Halftime Hummus Platter Veggies

Creamy, spiced hummus swirled with olive oil, surrounded by crisp cucumbers, carrots, and peppers for dipping. Save to Pinterest
Creamy, spiced hummus swirled with olive oil, surrounded by crisp cucumbers, carrots, and peppers for dipping. | flavorfront.com

This Halftime Hummus Platter offers a delightful and easy-to-prepare appetizer perfect for any occasion. It features a homemade, creamy hummus made from chickpeas, tahini, olive oil, lemon juice, garlic, and cumin, ensuring a fresh and flavorful base. The hummus is then beautifully garnished with a drizzle of olive oil, smoked paprika, and fresh parsley.

A colorful array of crisp vegetables such as cherry tomatoes, cucumber, carrots, bell peppers, and sugar snap peas are arranged around the hummus, providing a refreshing contrast. This vibrant dish is not only visually appealing but also a healthy, vegan, and gluten-free option that comes together in just 15 minutes, making it an excellent choice for a quick and impressive snack. Serve it with additional pita chips or olives for an expanded spread.

The aroma of freshly minced garlic and bright lemon juice always brings me back to frantic halftime dashes. There was this one particularly tense basketball game on TV, and my usual snack game was totally lacking. I’d stared at a can of chickpeas in the pantry for ages, and a sudden spark of inspiration hit: homemade hummus! That platter, cobbled together in a hurry, became an instant MVP that day.

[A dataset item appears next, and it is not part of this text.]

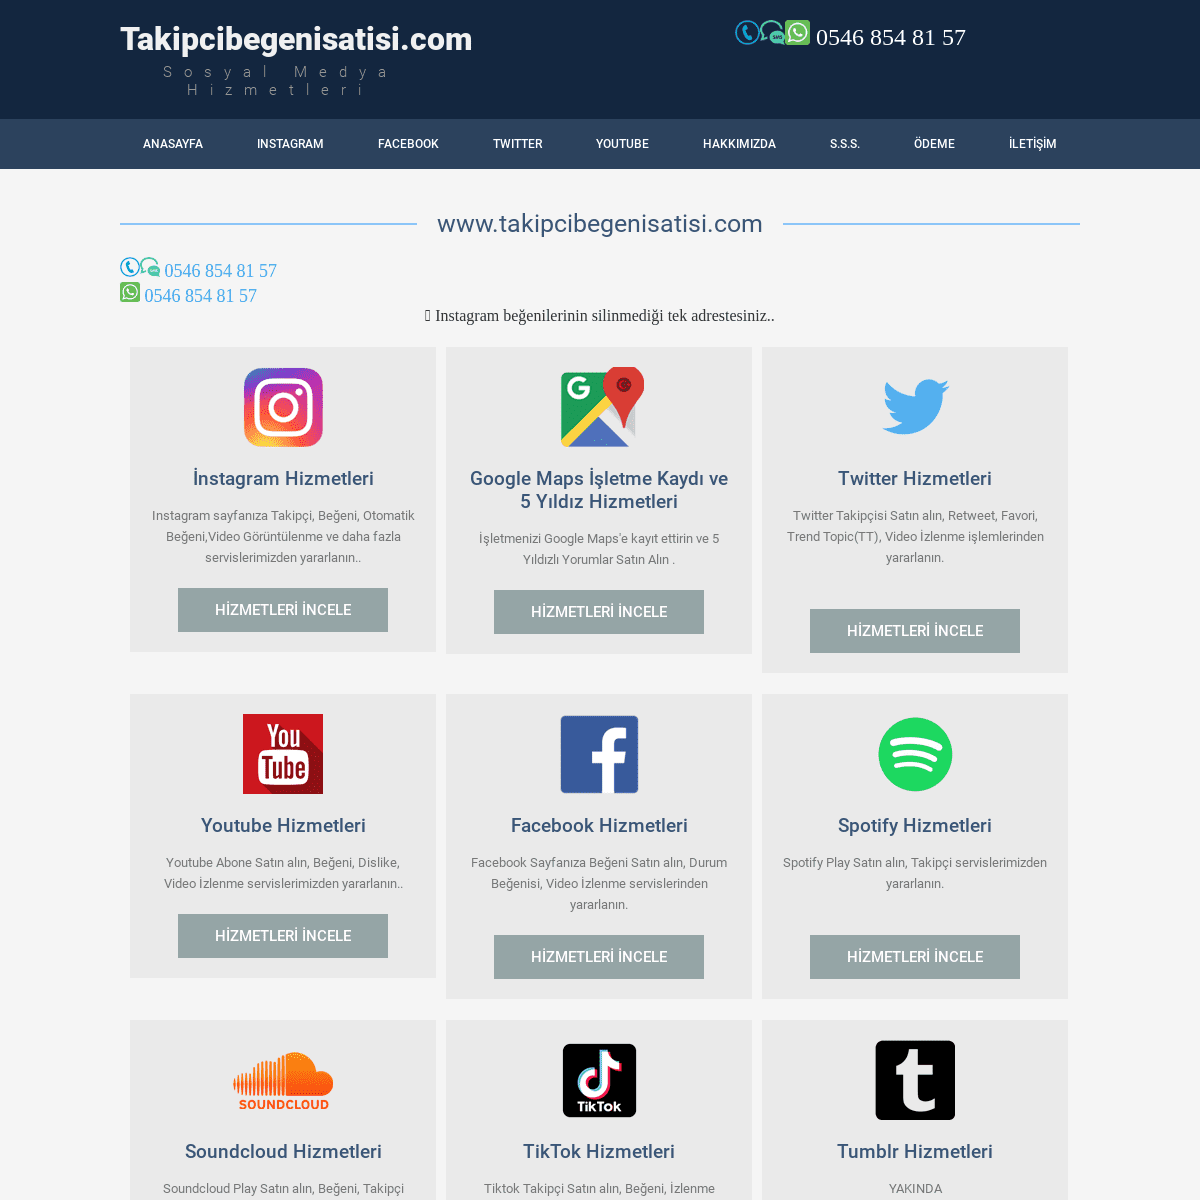 A complete backup of takipcibegenisatisi.com

I remember setting out a huge platter for a summer evening gathering with friends. The kids, usually picky, kept coming back for the cucumber and bell pepper strips, enthusiastically dunking them into the creamy hummus. It wasn’t fancy dining, just good company and simple, wholesome food that brought everyone together around the coffee table.

Ingredients

  • Hummus: The heart of our platter, aiming for that velvety texture. Don’t underestimate how much a good quality can of chickpeas makes a difference here.
  • Tahini: This sesame paste is non-negotiable for authentic, rich hummus; it’s what gives it that characteristic earthy depth.
  • Extra-virgin olive oil: Not just for drizzling, a good quality oil in the hummus itself adds a beautiful smoothness and flavor.
  • Fresh lemon juice: Please, use fresh! It brightens everything up and cuts through the richness, balancing the flavors perfectly.
  • Garlic clove: Just one, minced, for a subtle warmth without overpowering the other ingredients.
  • Ground cumin: A whisper of cumin adds that classic Mediterranean note.
  • Salt: Essential for bringing out all the other flavors.
  • Cold water: The secret to achieving your ideal creamy consistency without adding more oil.
  • Cherry tomatoes, cucumber, baby carrots, bell pepper strips, sugar snap peas, radishes: These aren’t just for dipping; they add essential crunch, color, and freshness, making the platter visually stunning and nutritionally vibrant.
  • Chopped fresh parsley: A sprinkle of green for freshness and visual appeal, don’t skip it.
  • Smoked paprika: Adds a lovely pop of color and a subtle smoky undertone that elevates the whole dish.
  • Toasted pine nuts (optional): These tiny treasures offer a buttery crunch and an extra layer of elegance if you’re feeling fancy.

Instructions

Whip up the Wonder Hummus:
Gently combine your drained chickpeas, tahini, that glorious olive oil, fresh lemon juice, minced garlic, a dash of cumin, and salt in your food processor. Let it whir until it becomes a dreamy, smooth paste, pausing to scrape down the sides to catch any stray bits. Now, spoon in the cold water, just a tablespoon at a time, until it reaches that perfect, airy consistency you crave.
Swirl it onto the Stage:
Spoon the freshly made hummus onto your favorite serving plate or a shallow bowl. Take the back of a spoon and create a beautiful, inviting swirl across the top: it’s like drawing a little welcome sign for your guests.
Dress it Up with Garnishes:
Drizzle a whisper of extra olive oil over the swirled hummus, then sprinkle liberally with vibrant smoked paprika and that fresh, chopped parsley. If you’re using them, scatter those toasted pine nuts right on top for an extra layer of texture and warmth.
Frame with Freshness:
Artfully arrange your colorful prepared vegetables around the hummus, creating distinct sections of reds, greens, and oranges. Think of it like painting a delicious edible rainbow!
Moment of Enjoyment:
Present this vibrant platter immediately and watch it disappear. It’s a guaranteed hit every single time.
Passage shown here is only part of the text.